Lyme Disease Controversies Continue
Researchers are learning more about how Lyme disease impacts the body. But controversies over how many have the disease, and how to diagnose and treat it, remain.
Lyme disease, an infection spread from the bite of a tick carrying B. burgdorferi bacteria, has been around for about 60,000 years, circulating in wildlife, according a team of Yale School of Public Health researchers. Although it’s probably been causing illness in humans for hundreds of years, the disease wasn’t identified and given its name until 1976, in Lyme, Connecticut.
Finally, people with sometimes mysterious symptoms, often including a bulls-eye shaped red rash, headache, arthritis-like pain, and heart rhythm abnormalities, had a name for what was making them feel so awful.
Almost half a century later, with several laboratory tests being used to help diagnose Lyme disease and ongoing research into the infection, you might assume medical experts have figured out what the illness does to the body, how long the infection lasts, and the best treatments.
But, despite progress, what has been called the “Lyme wars” remains: Controversies about Lyme disease are still prevalent and may be delaying the diagnosis and treatment of some people suffering from the infection.
YOU MIGHT ALSO LIKE: Symptoms of Lyme Disease
How many people have Lyme disease?
To begin with, nobody really knows how widespread Lyme disease is and whether it is possibly over-reported or far more cases exist than are known. The odds are the infection is likely under-reported. Here’s why.
Each year, nationwide health agencies report about 30,000 cases of Lyme disease are reported to the Centers for Disease Control and Prevention (CDC).
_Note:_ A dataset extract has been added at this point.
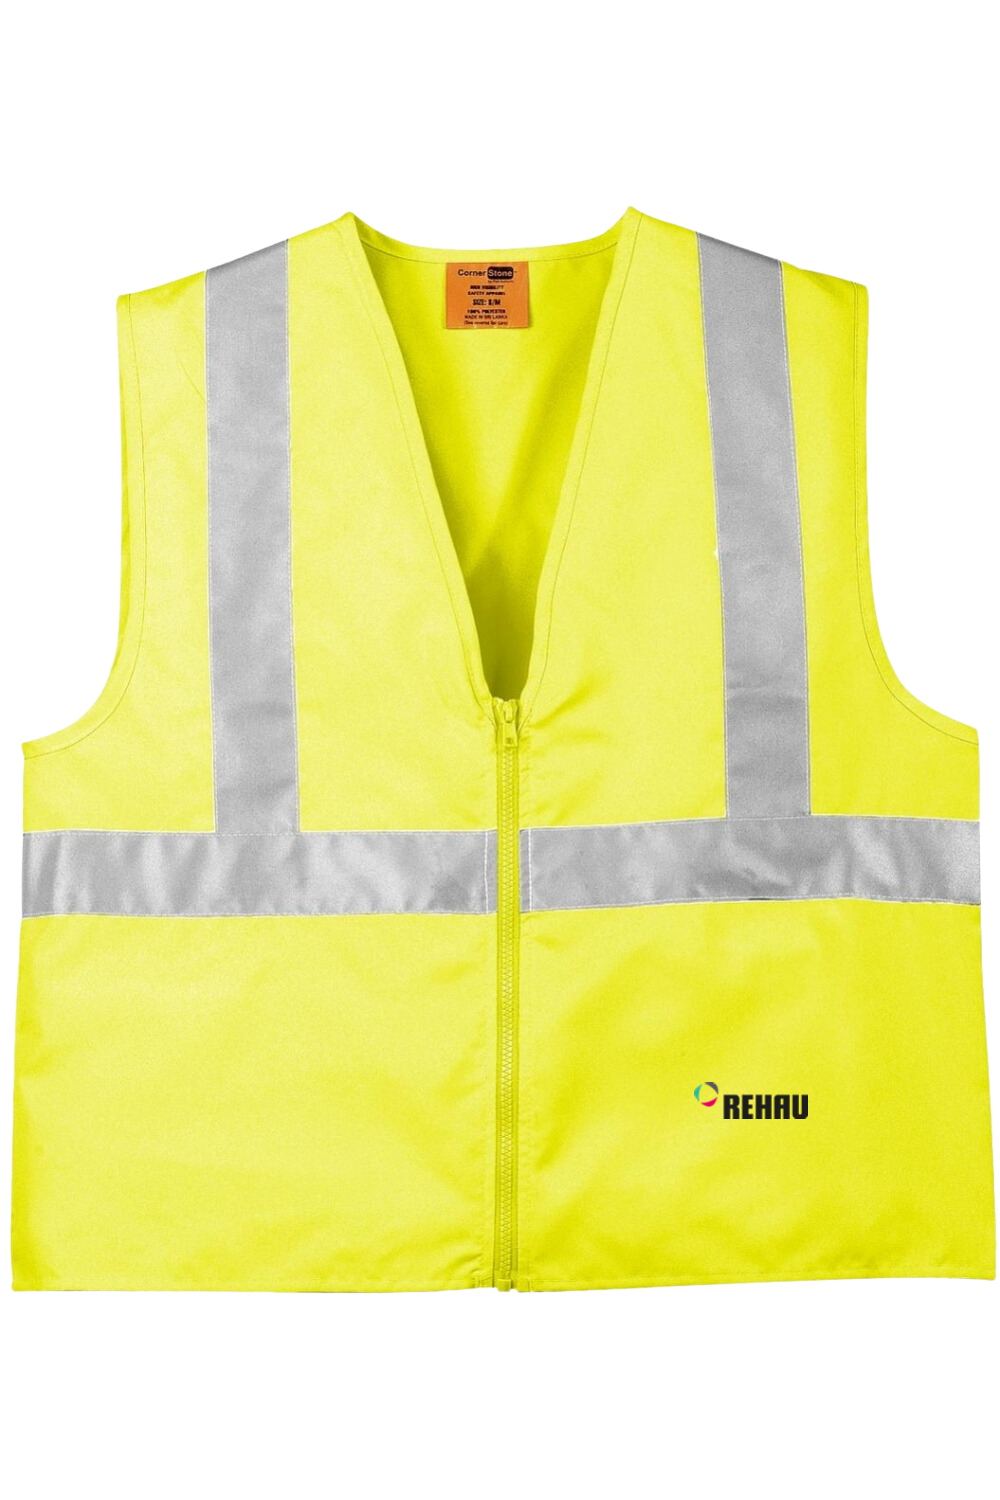 CornerStone ANSI 107 Class 2 Safety Vest

But the CDC notes this doesn’t account for every case of Lyme disease diagnosed in the U.S. or, for that matter, misdiagnosed as something else.
Because those agencies report only a fraction of cases, CDC researchers turn to reports from labs to document how many people have tested positive for Lyme disease over the course of a year.
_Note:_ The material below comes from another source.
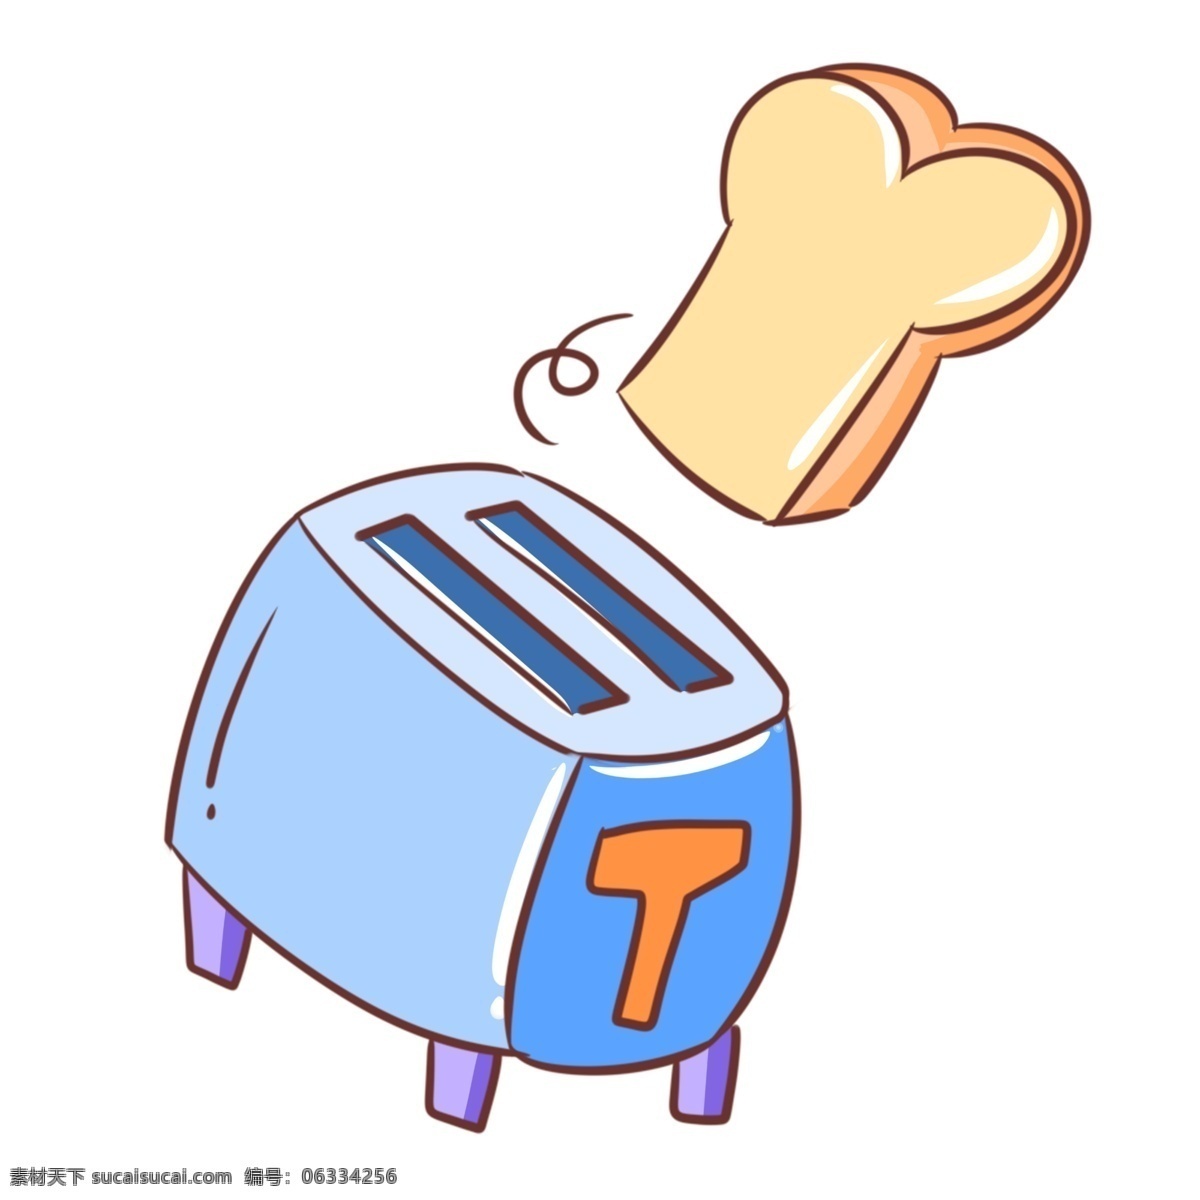 蓝色 卡通 面包机 插图 吐司面包 蓝色面包机 卡通面包机 面包机插图 蓝色电器 家电 面包

But lab tests may not be accurate and, besides, Lyme disease can be diagnosed with only an exam and medical history — especially when symptoms include the typical rash, and the patient has likely been exposed to a tick. So, to estimate how many people have Lyme disease in the U.S., researchers also look to insurance claims from people diagnosed with Lyme, whether or not they had lab tests for the infection.
The total the CDC has come up with for the number of annual Lyme disease cases in the U.S. is somewhere around 476,000. That figure is estimated and likely includes some people who were not actually infected, however.
Worries and controversies over testing and diagnosing
The controversy over how many people really have Lyme disease obviously involves how and when people are diagnosed with the infection. The CDC recommends a two-step testing process for Lyme disease, if a doctor decides lab tests are needed. Both steps are required and can be done using the same blood sample, and both rely on the detection of antibodies to the Lyme-causing bacteria.
The CDC updated its Lyme disease description in 2017, noting if symptoms were obvious, especially the bulls-eye red rash, doctors could diagnose the infection without lab tests.
The CDC’s position on Lyme disease, however, caused other skirmishes in the Lyme wars. Critics point out many people with Lyme disease do not have the bull’s-eye rash (they may have one in another shape or not have a rash at all), and the lab tests often produce inaccurate results (especially if the body of the infected person has not had time to mount an immune response, which usually takes at least six weeks).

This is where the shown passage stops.